In 2014, Justin joined his partner, Anna, in managing a large-scale agroforestry project known as the American Ginseng Pharm. They’ve planted 250 acres of ginseng, making it the largest wild-simulated ginseng farm in the world. They also grow a wide range of rare, native heirloom fruit- and nut-bearing trees like American Plum and Black Walnut.
From a young age, Justin was curious about indigenous culture:
When I was 8 or 9, it dawned on me that the people who would know the most about the land, where I lived—up and down the Hudson Valley—are native peoples. My lifelong passion became trying to understand indigenous culture and history in the Hudson Valley and eastern North America as a whole.
Justin’s knowledge of indigenous traditions and practices comes from sifting through archives of material from the past 500 years, plus archeological studies and unpublished ethnographical field notes to really understand and reconstruct people’s way of life in the Hudson Valley in the pre-contact period. Justin has connections and relationships with descendants of Hudson Valley tribes, mostly in the current Moraviantown Reserve in Ontario.
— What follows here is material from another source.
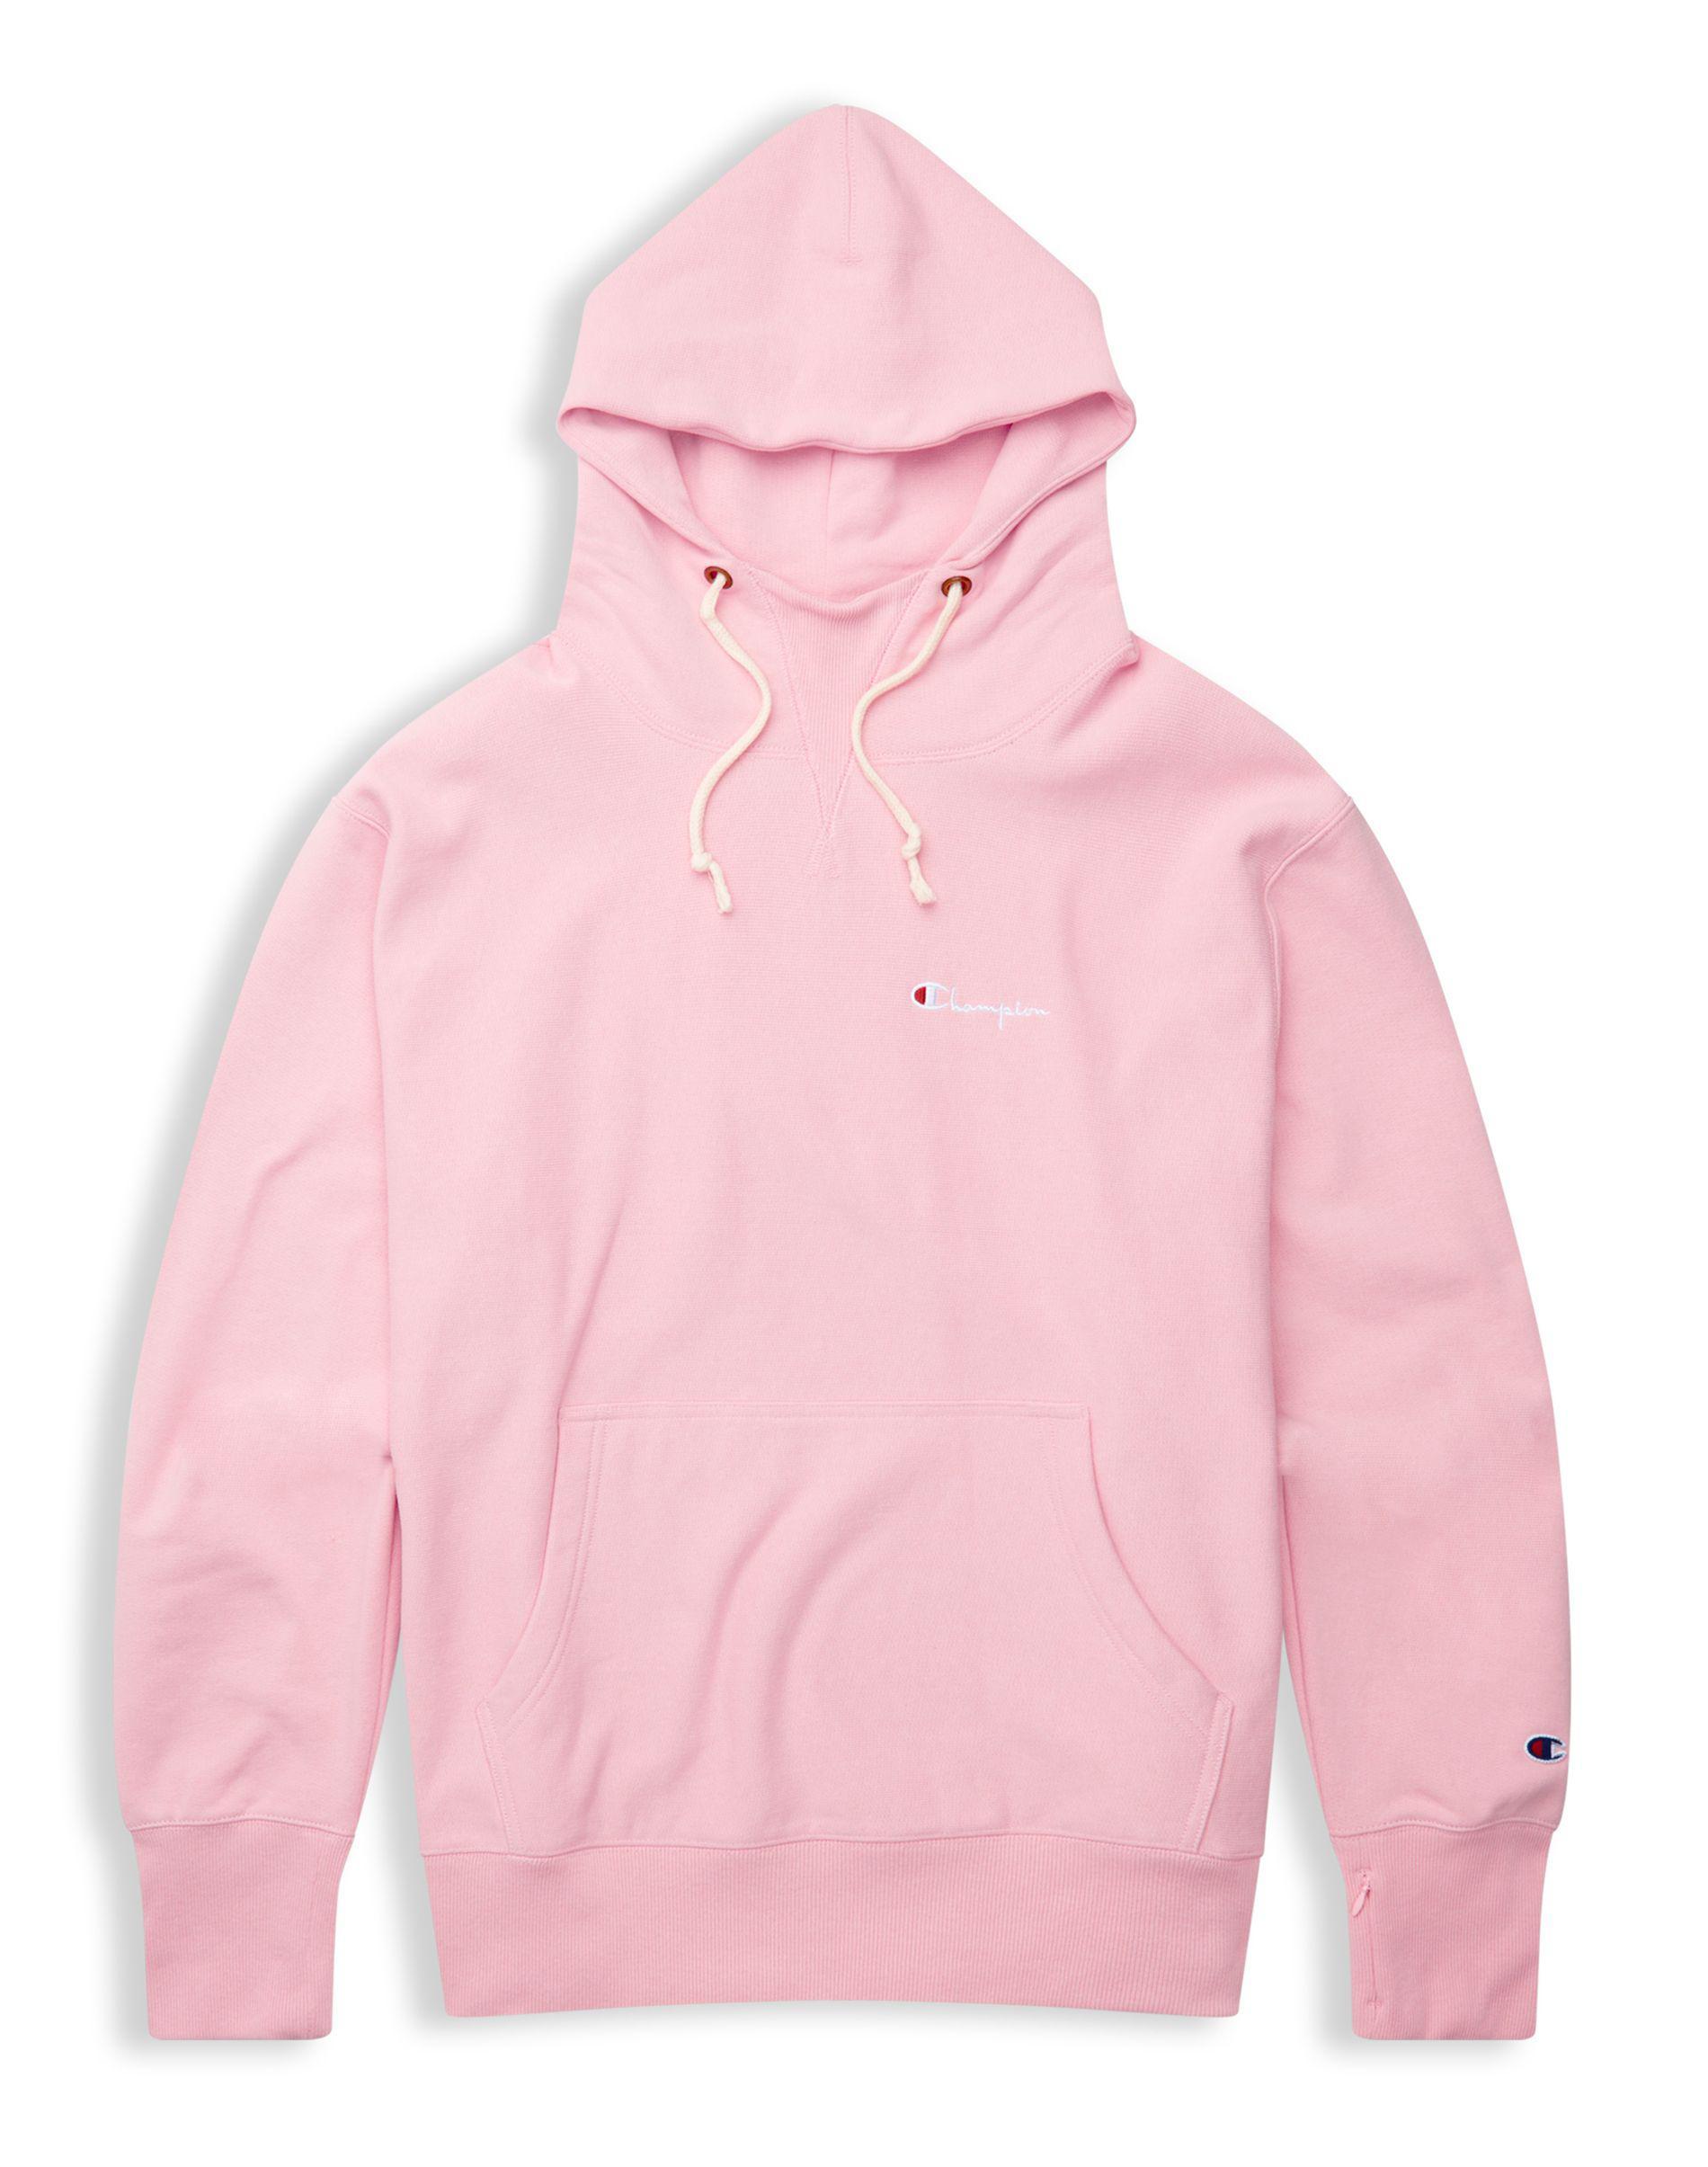 e5f95c488f4 Champion Premium Reverse Weave Hoodie Sweatshirts – EDGE Engineering ...

Justin invites indigenous communities down from Canada a couple times a year to visit their ancestral lands, taking them to sites of known concentrated communities.
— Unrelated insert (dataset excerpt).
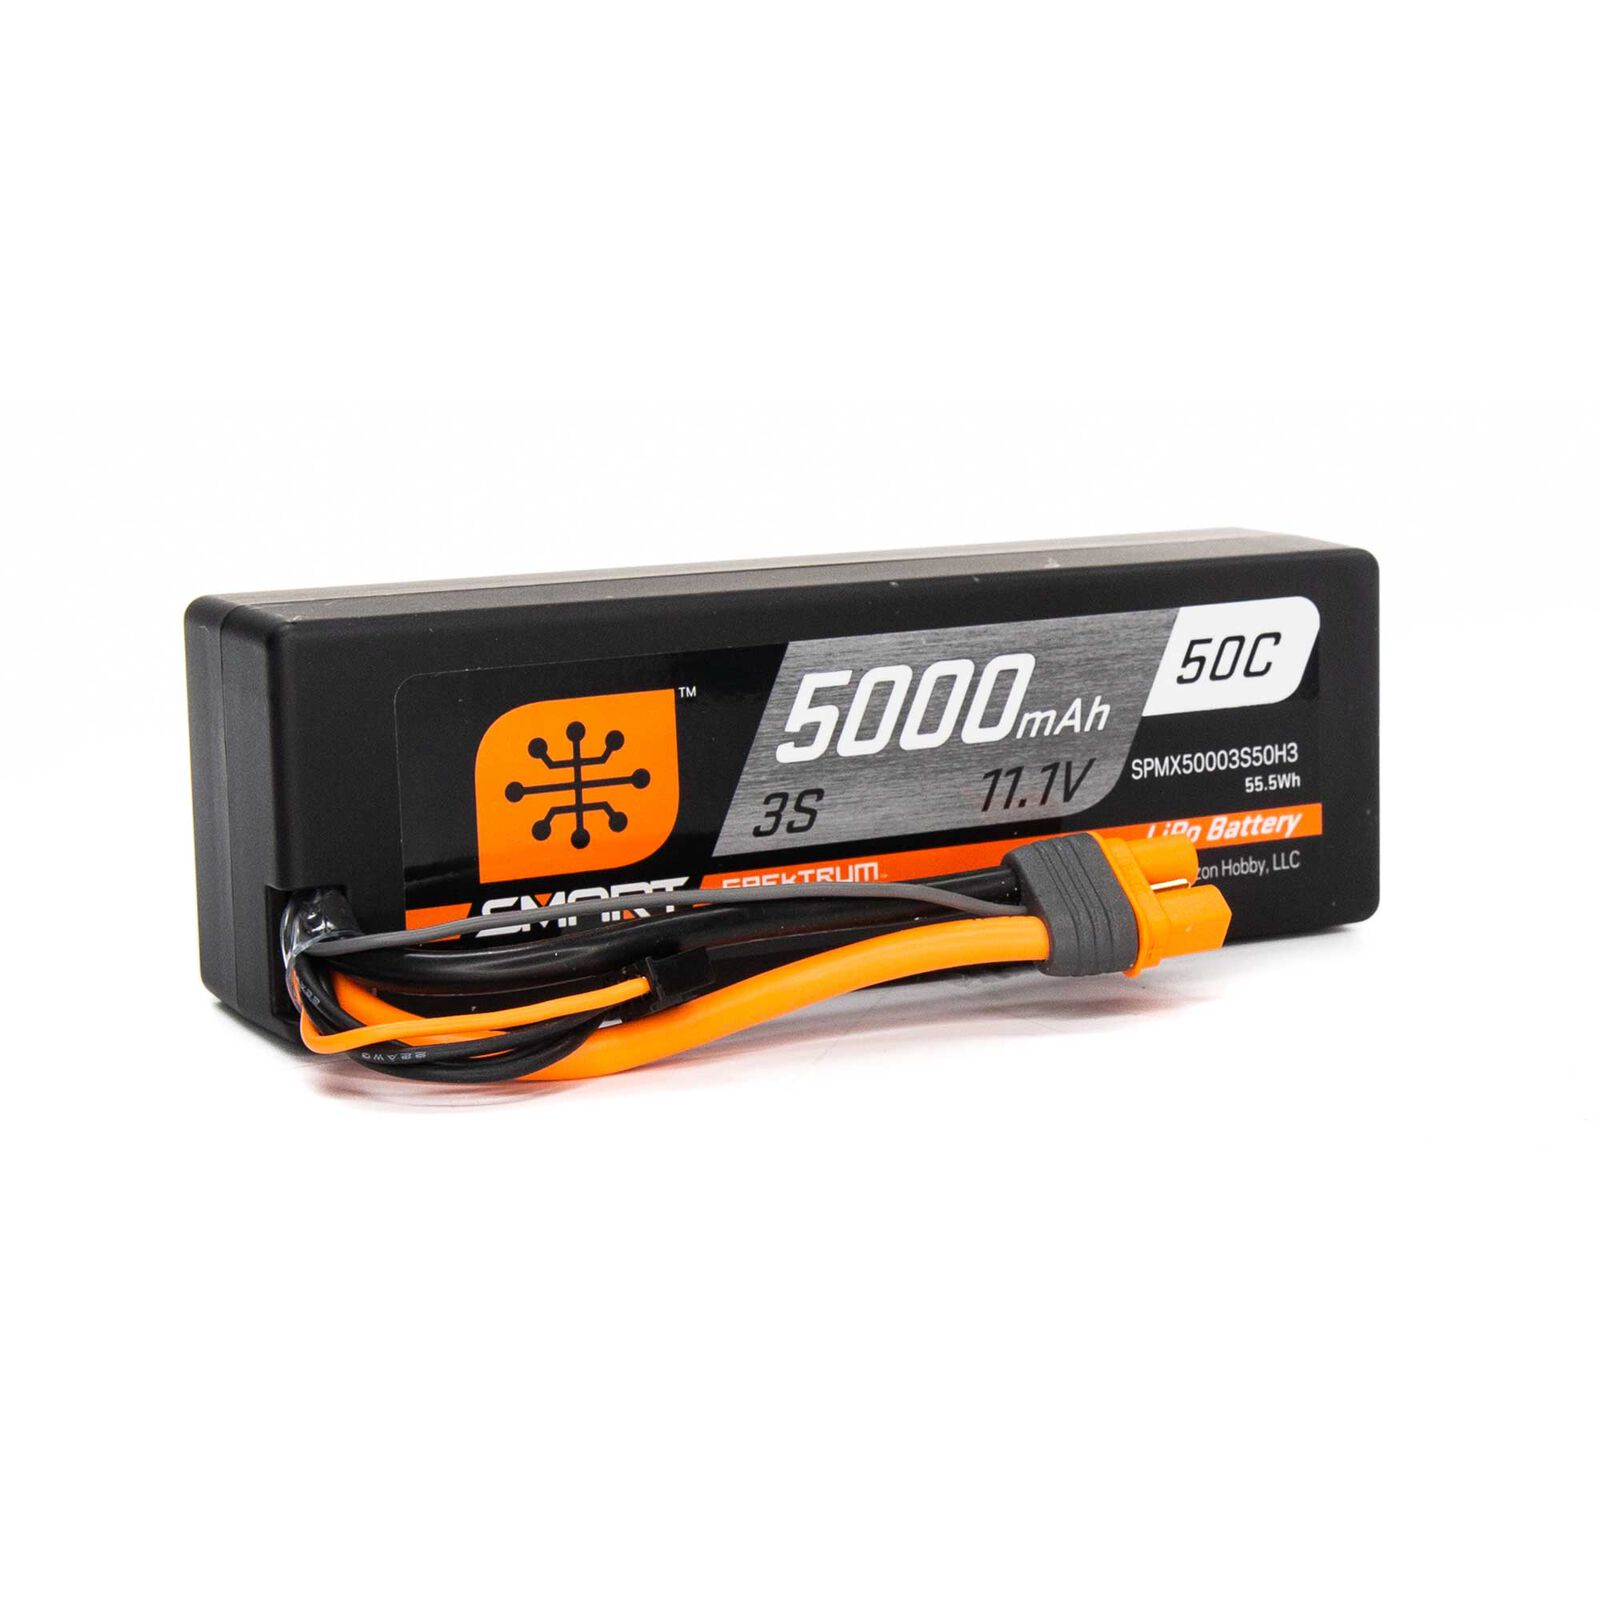 11.1V 5000mAh 3S 50C Smart Hardcase LiPo Battery: IC3

The point of Wild Hudson Valley is more than just environmental education; it’s about connecting people to the history of the human relationship with the land here, and also with the contemporary communities of the Hudson Valley’s native people. They don’t live here any longer but their descendants live in Ontario, Wisconsin, and Oklahoma, and there’s just a general lack of awareness and knowledge about their history.
Currently, a lot of people in the Hudson Valley care about indigenous engagement and are hungry to know about native history. Justin recounts a few of his recent land consultations where landowners are itching to learn sustainable land management practices and teach them to the broader Hudson Valley region.
Justin hopes to create an example landscape of native species where people can visit, camp, and learn about the native history of the Hudson Valley through plants. This act of re-wilding the region with native species brings back stories and relationships to the land that have often been forgotten through indigenous erasure. Justin’s goal is to remind us that indigenous people and plants of the Hudson Valley still exist, that they are just elsewhere with hopes of maybe one day returning to their ancestral land.